*ASSIGNMENT*. In the entries below, find the line with "case study freight audit" and the line with "Ferragamo Leather Vara"; reproduce those two lines and all lines between them exactly, without pictures.

*THE DATA*.
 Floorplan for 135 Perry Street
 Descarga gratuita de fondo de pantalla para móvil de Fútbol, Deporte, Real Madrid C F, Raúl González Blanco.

---

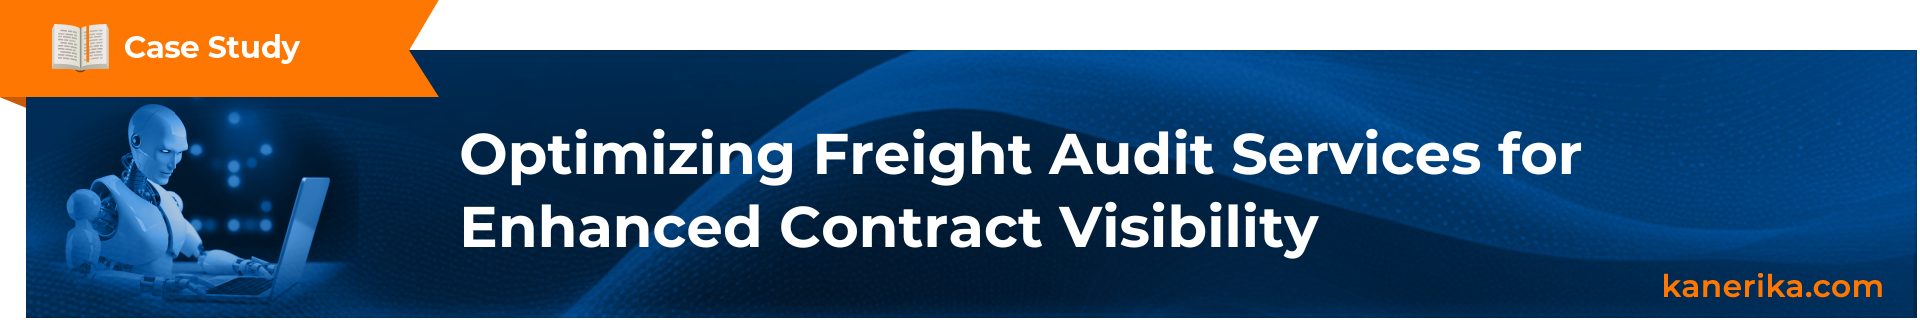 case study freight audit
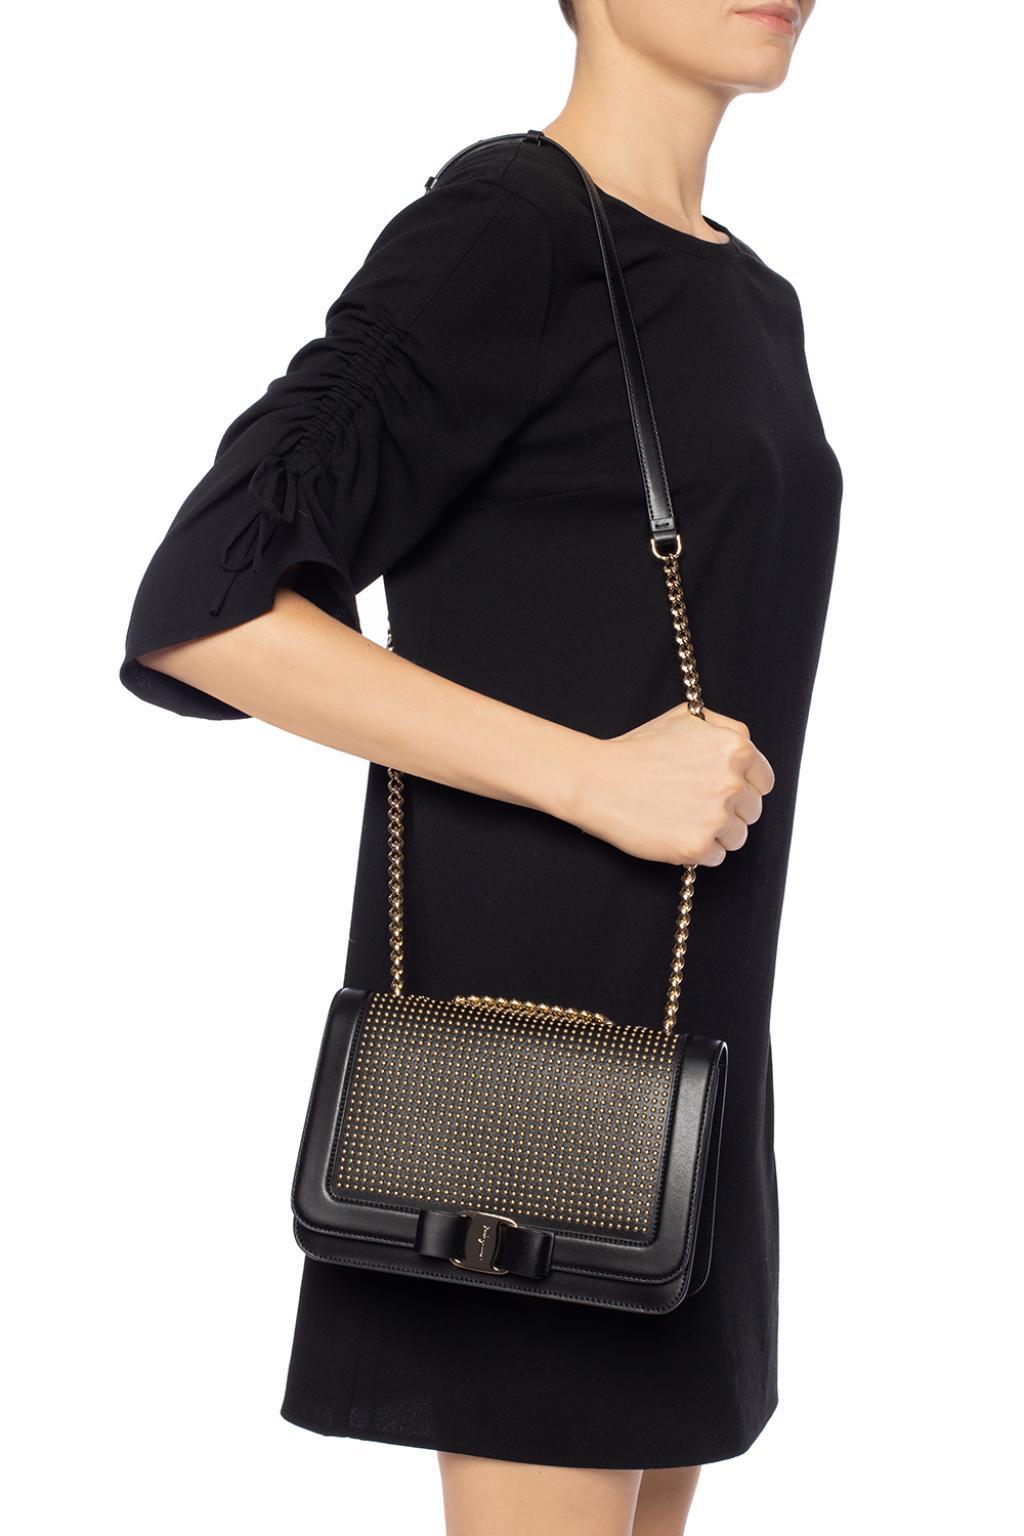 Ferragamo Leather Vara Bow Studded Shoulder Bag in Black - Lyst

---

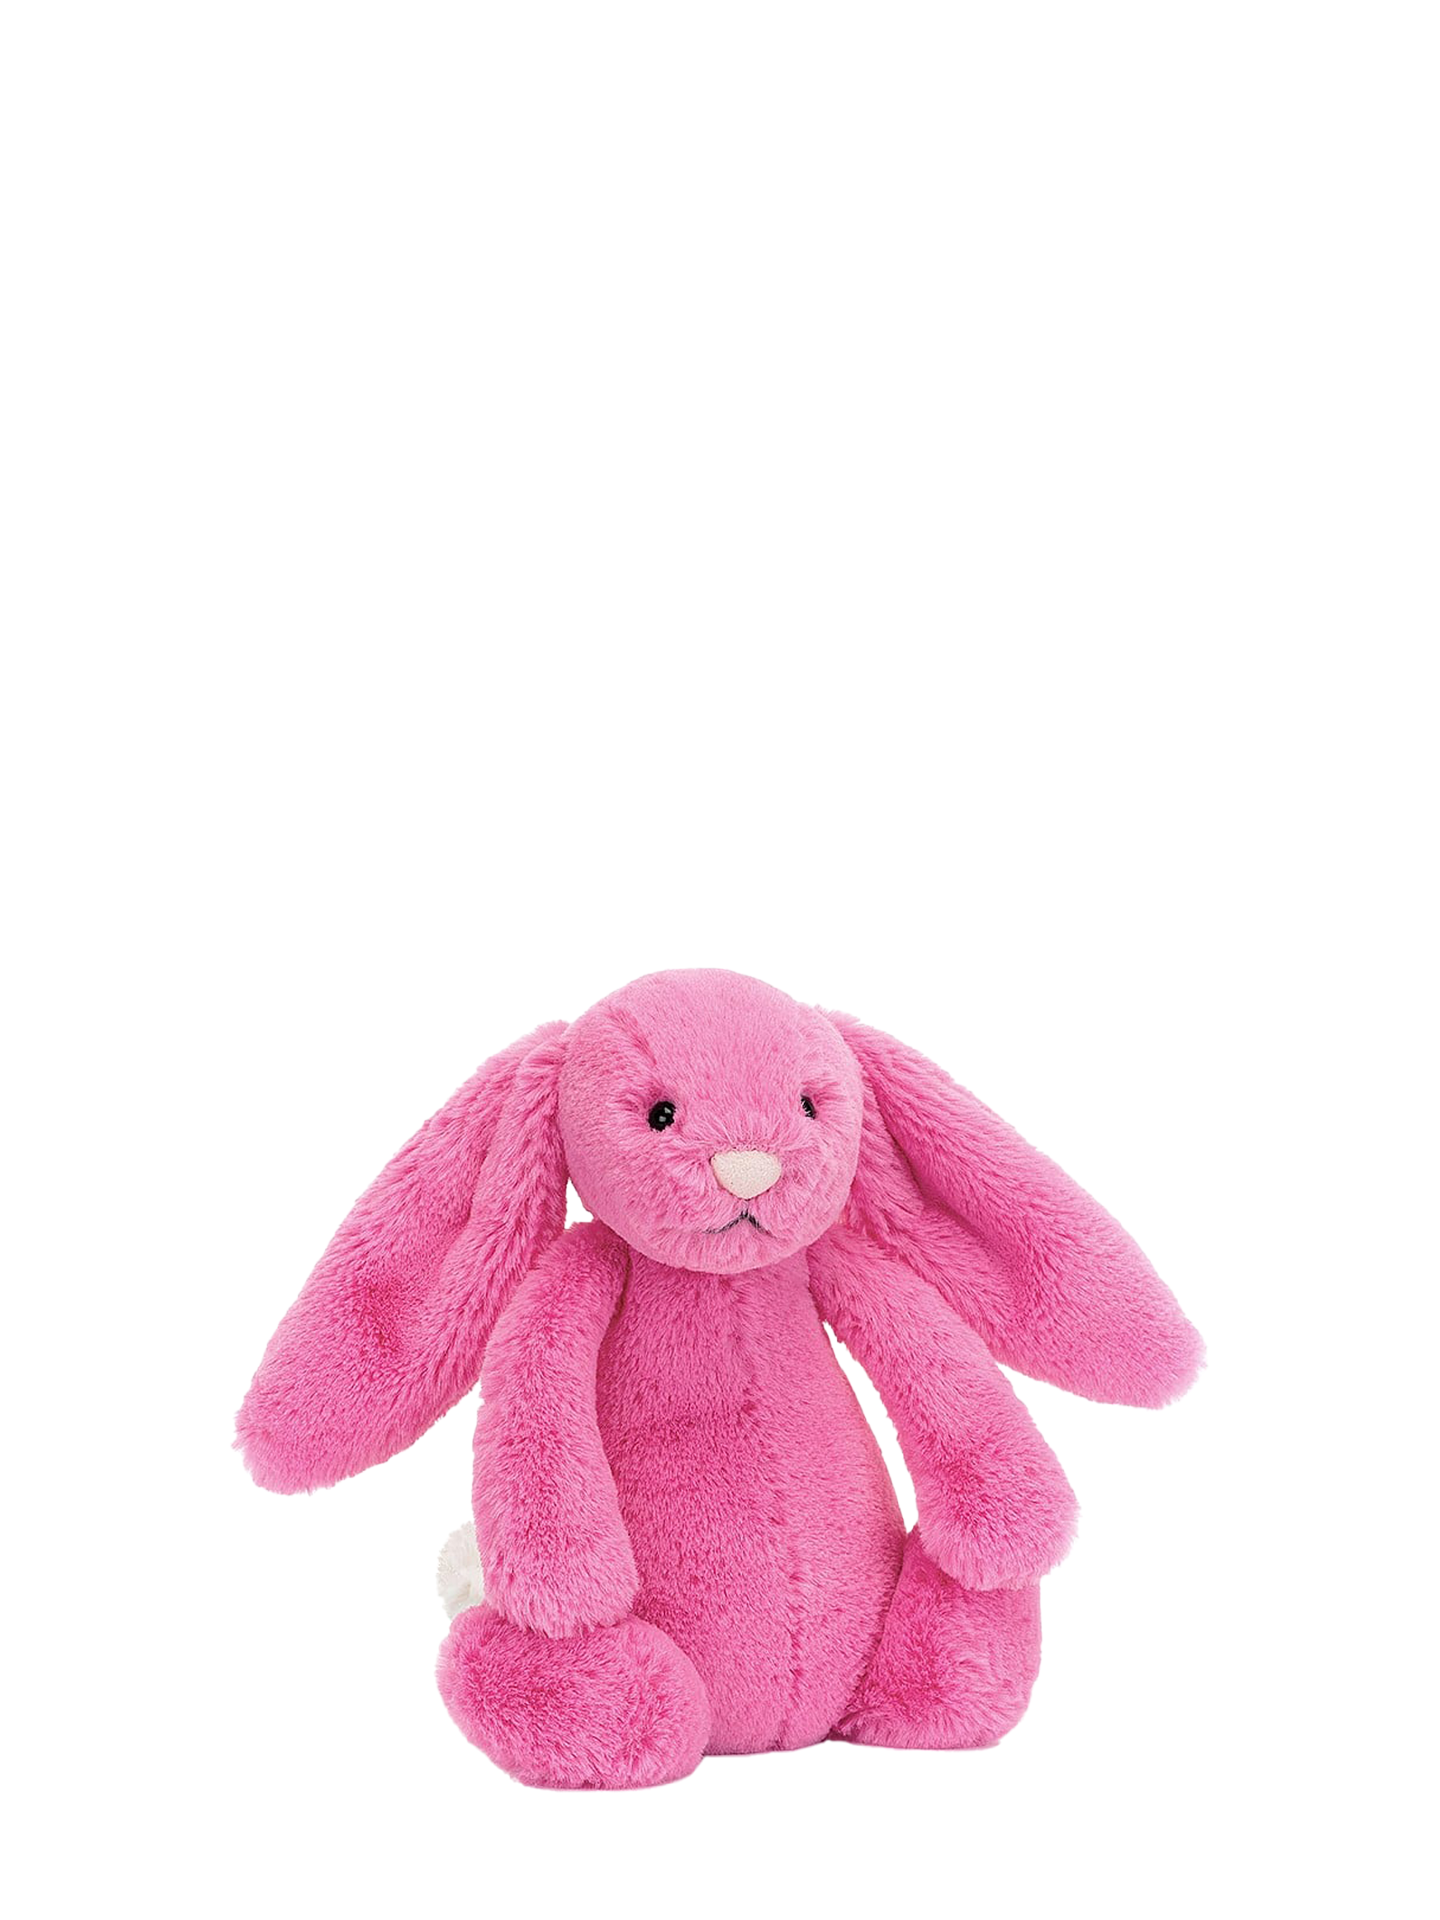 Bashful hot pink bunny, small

*SOLUTION TO THIS TASK*.
 case study freight audit
 Ferragamo Leather Vara Bow Studded Shoulder Bag in Black - Lyst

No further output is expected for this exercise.